JDE can output detection and tracking at the same time in a single estimation, so real-time estimation is expected, but it leads to a decrease in accuracy due to competing training. The proposed method SMILETrack is an SDE approach. Taking over the approach of ByteTrack, which achieved SoTA using only motion information, we proposed an Attention-based appearance feature extractor and achieved SoTA in MOT17 and MOT20.

SMILETtack's main contributions include

  • We proposed an appearance feature extractor, Similarity Learning Module (SLM), which clearly distinguishes between individuals detected using Attention.
  • We pointed out the low robustness of ByteTrack and proposed Similarity Matching Cascade (SMC), which achieves association with robust appearance information.
  • Robust association to occlusion and motion blur through gate functions that control appearance and motion information

Now let's look at SMILETrack.


Tracking is the association between tracking up to the previous frame and the object detected in the current frame. Usually, the association is made using two pieces of information: position information based on motion prediction and object appearance information. ByteTrack, on the other hand, achieved SoTA using only motion information. It uses only motion information because appearance features may worsen accuracy if they are not useful, and achieved SoTA for MOT17 and MOT20 with a simple two-step association process: association only with objects with high detection confidence, followed by association of objects with low confidence.
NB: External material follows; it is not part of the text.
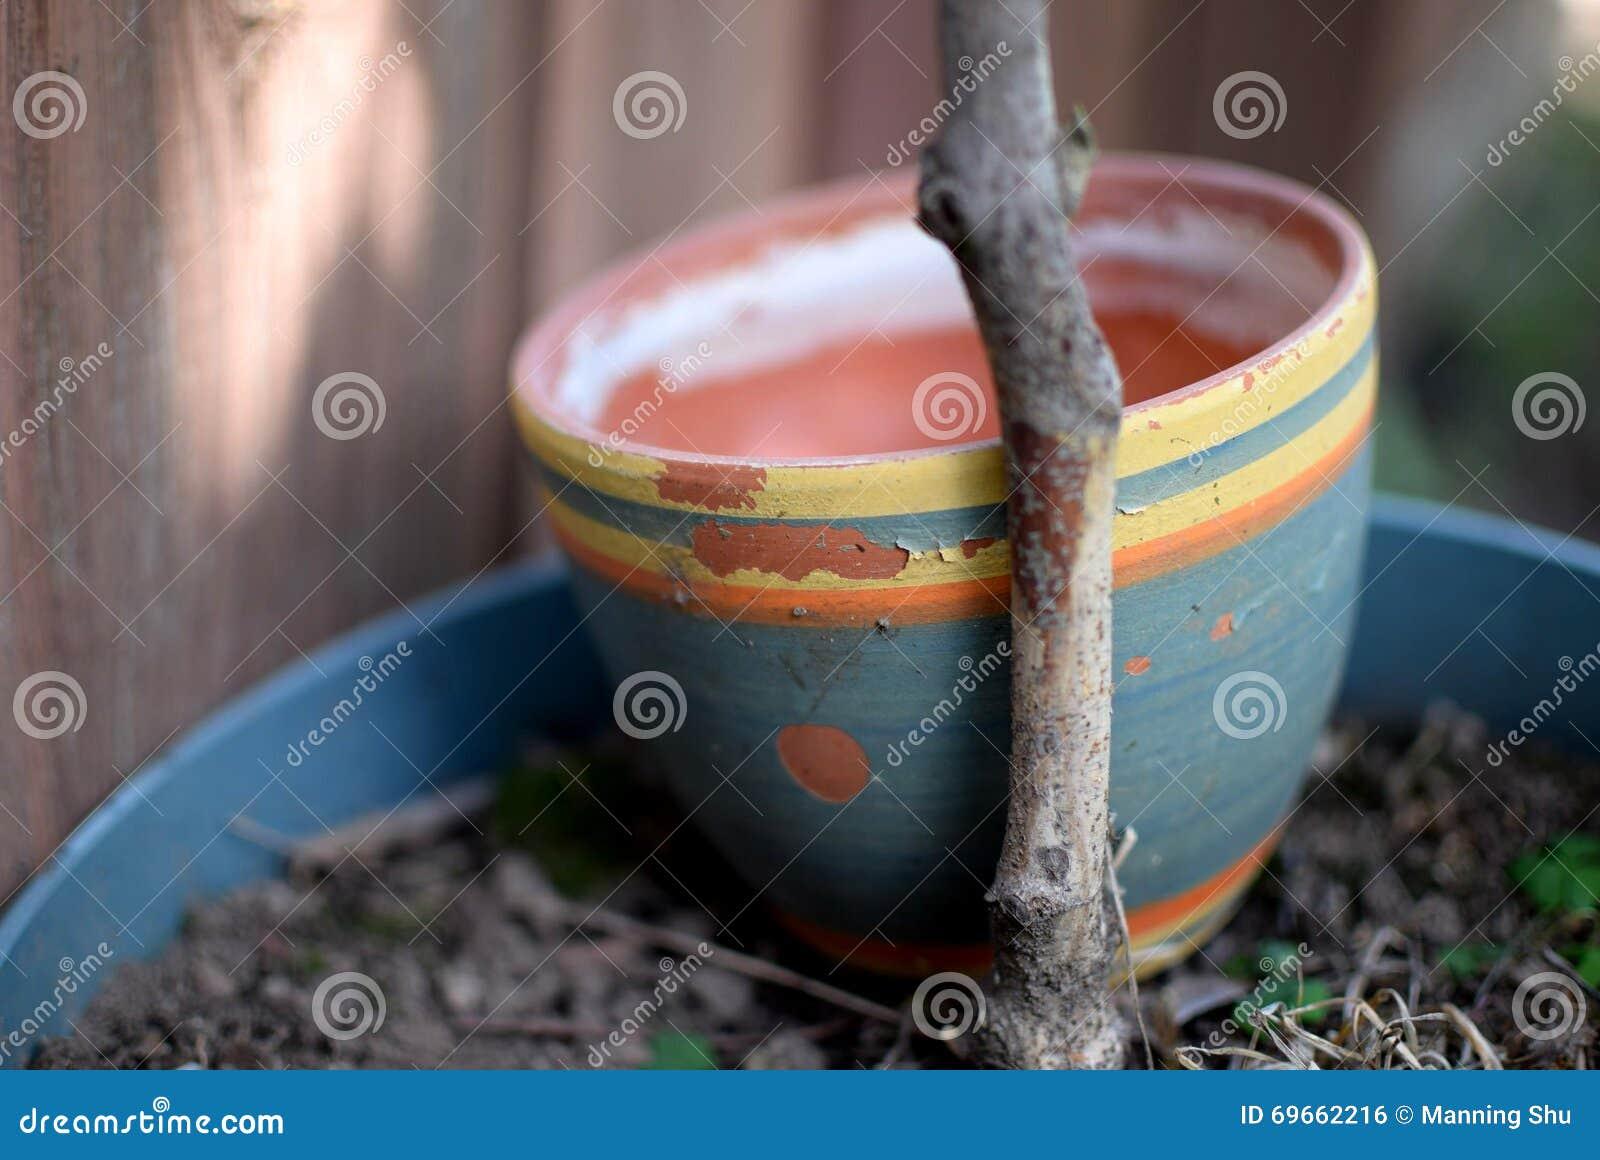 Terra Cotta Flower Pot pintada resistida

However, this paper points out the vulnerability of ByteTrack without appearance information. The paper points out that the high accuracy achieved with only motion information is due to the simplicity of the MOTChallenge movements, that the accuracy drops for complex movements, and that the lack of appearance information makes it impossible to support ID switches.


For the above reasons, SMILETrack combines the advantages of both ByteTrack and appearance feature extraction. By combining two levels of association using detection confidence with robust appearance information using Attention, SMILETrack achieves highly accurate tracking. The overall picture is shown in the figure below.
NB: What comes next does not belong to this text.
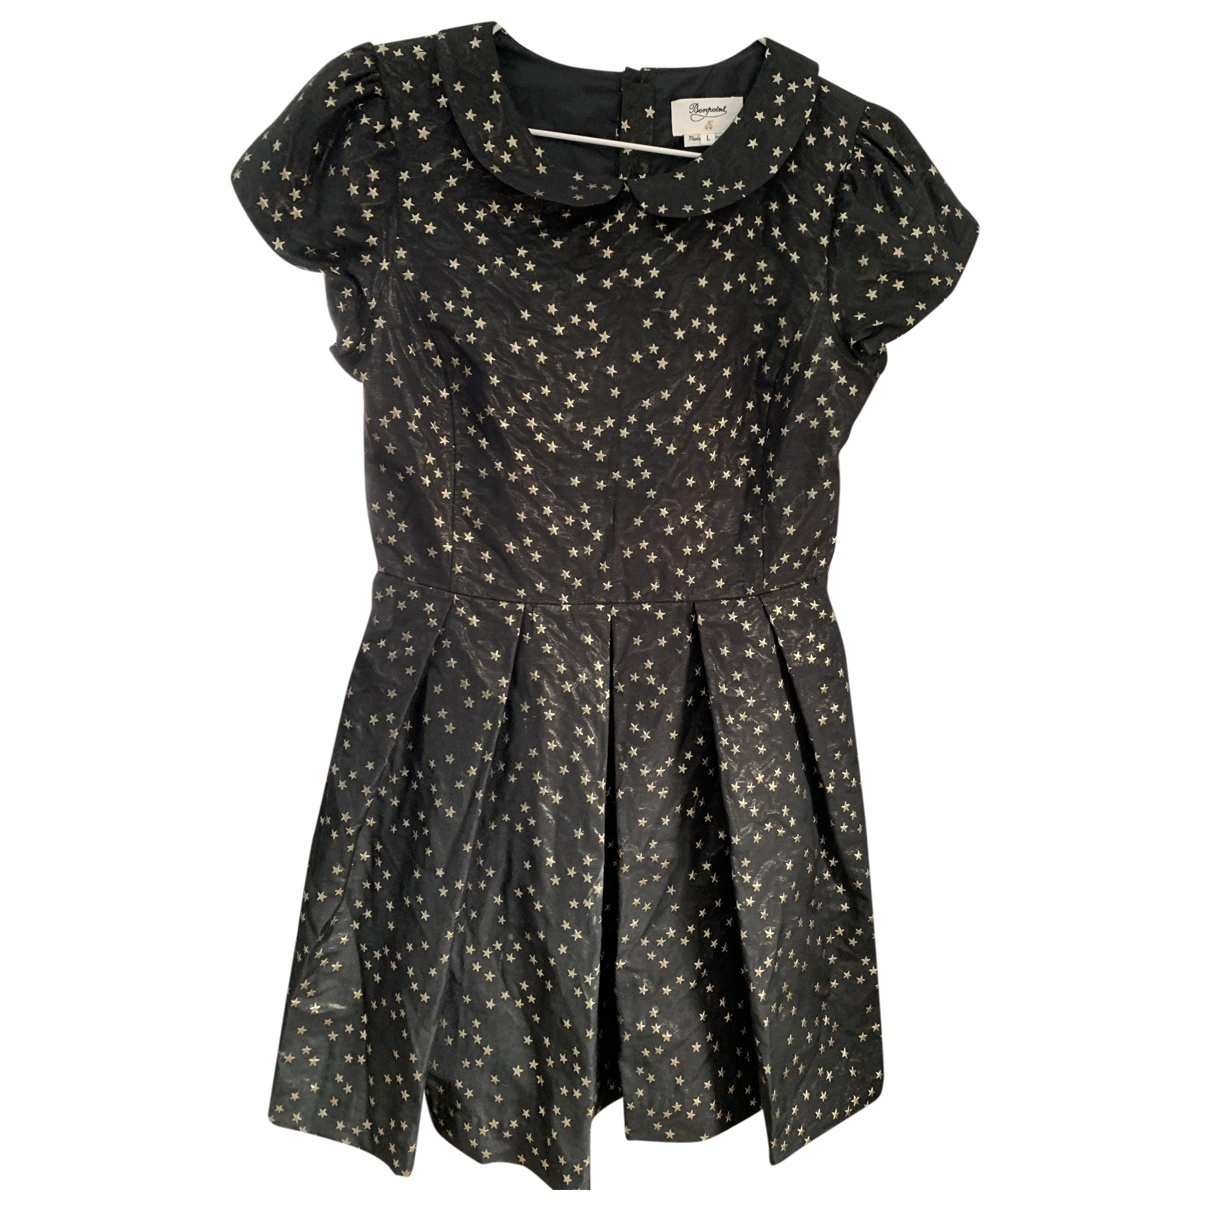 Bonpoint \N Black dress for Kids 18 years - L FR

Similarity Learning Module (SLM)

The appearance features of objects handled in tracking require more severe features than detection. While high-level features that discriminate between different classes are important for detection, low-level features that discriminate between different individuals within the same class are important for tracking. This paper proposes an appearance feature extractor called a Similarity Learning Module (SLM), which consists of an Image Slicing Attention (ISA) Block, to flexibly extract features for each individual that are more suitable for discrimination.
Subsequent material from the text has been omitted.